From an evolutionary point of view, SIRT6 is fascinating. In all mammals studied, the gene’s deletion causes premature death, and the protein has the same enzymatic activity and involvement in glucose metabolism and stem-cell differentiation7. However, as we climb the evolutionary ladder from mice to monkeys to humans, some of the traits caused by SIRT6 deletion become progressively more severe. SIRT6-deficient mice die a few weeks to months after birth8, whereas monkeys die within hours, and humans harbouring a SIRT6-inactivating mutation are not even born. This increasing severity could be explained by the acquisition of regulatory roles for SIRT6 over the course of evolution. In support of this idea, the severe brain defects seen in SIRT6-deficient primates have not been reported in mice, and this change correlates well with differences in brain complexity in these species. It will be extremely interesting to further explore the source of this trait enhancement across evolution.
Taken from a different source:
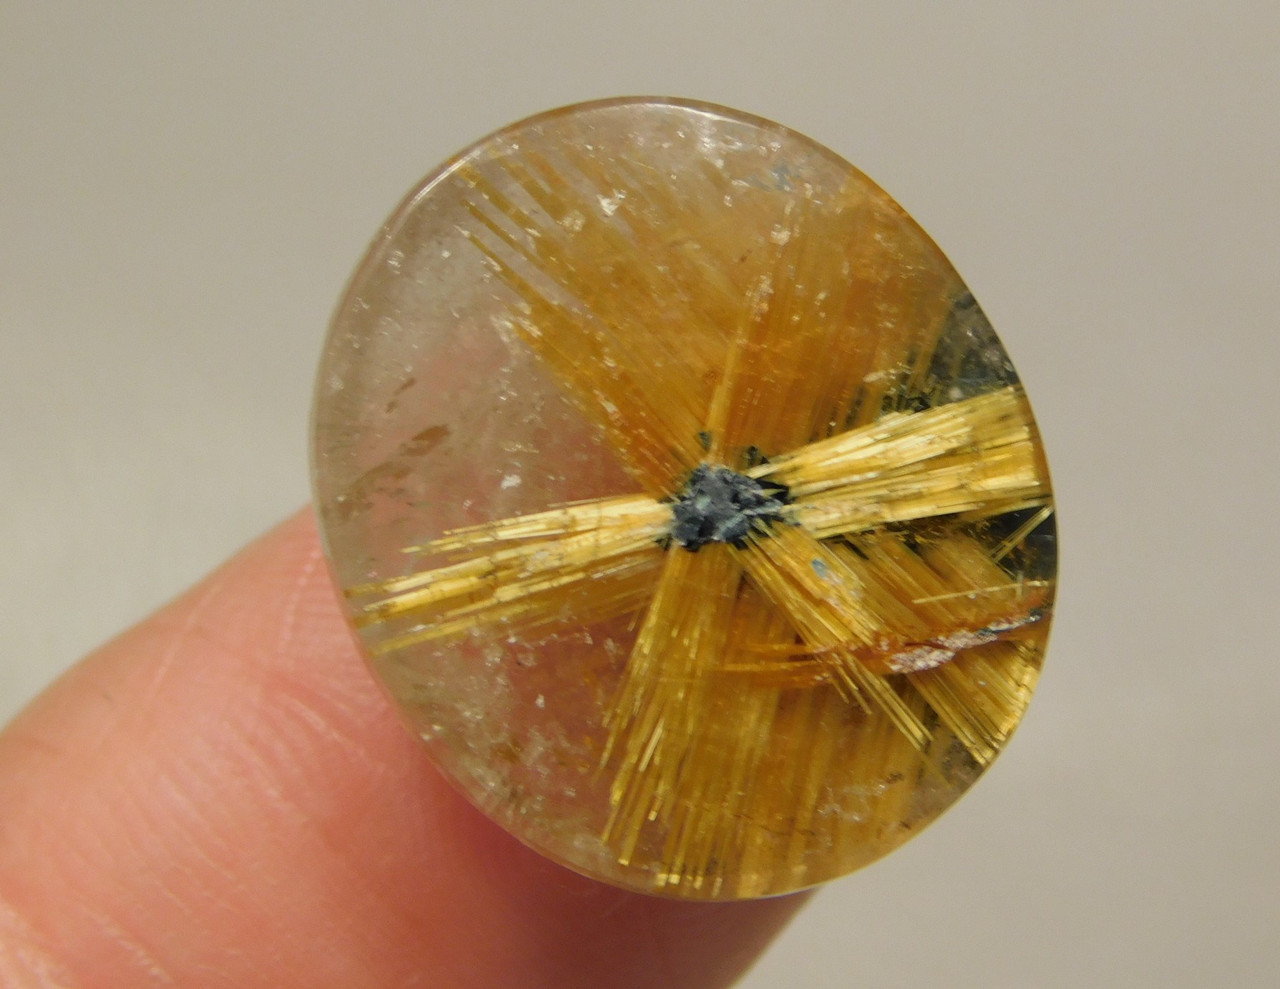 Star Rutile Quartz Rutilated Clear Gemstone Cabochon #SRQ12

What can we learn about the role of SIRT6 in human ageing from this primate model? At first glance, there is not an obvious connection between the developmental defects seen in the monkeys and ageing, as they are at opposite ends of life’s timeline. However, key pathways regulated by SIRT6 are conserved between these species, and genome-wide association studies have found a correlation between SIRT6 and increased lifespan in humans9. These facts, together with data indicating that SIRT6 helps to protect the brain against ageing-related disorders such as Alzheimer’s disease10, strongly suggest that the versatile SIRT6 protein might promote healthy longevity in humans. In the future, developments in CRISPR engineering might enable gene editing in specific tissues, and at chosen time points; if the latter were achieved, it would be fascinating to characterize the role of SIRT6 in primate lifespan.
More generally, genome editing is an exciting future strategy for human therapy. However, the challenge is to induce the desired edits without creating non-specific mutations or producing mosaic embryos in which only some cells express the edited gene. Promisingly, Zhang and colleagues found no mosaicism or detectable off-target mutations in their mutant animals, and another group that have used CRISPR in monkeys also report no off-target effects11. Although there are still many ethical and technical caveats to be considered, the authors’ achievement — along with a similar success in human embryos12 — gives hope that human genetic therapies using CRISPR engineering will be possible in the future.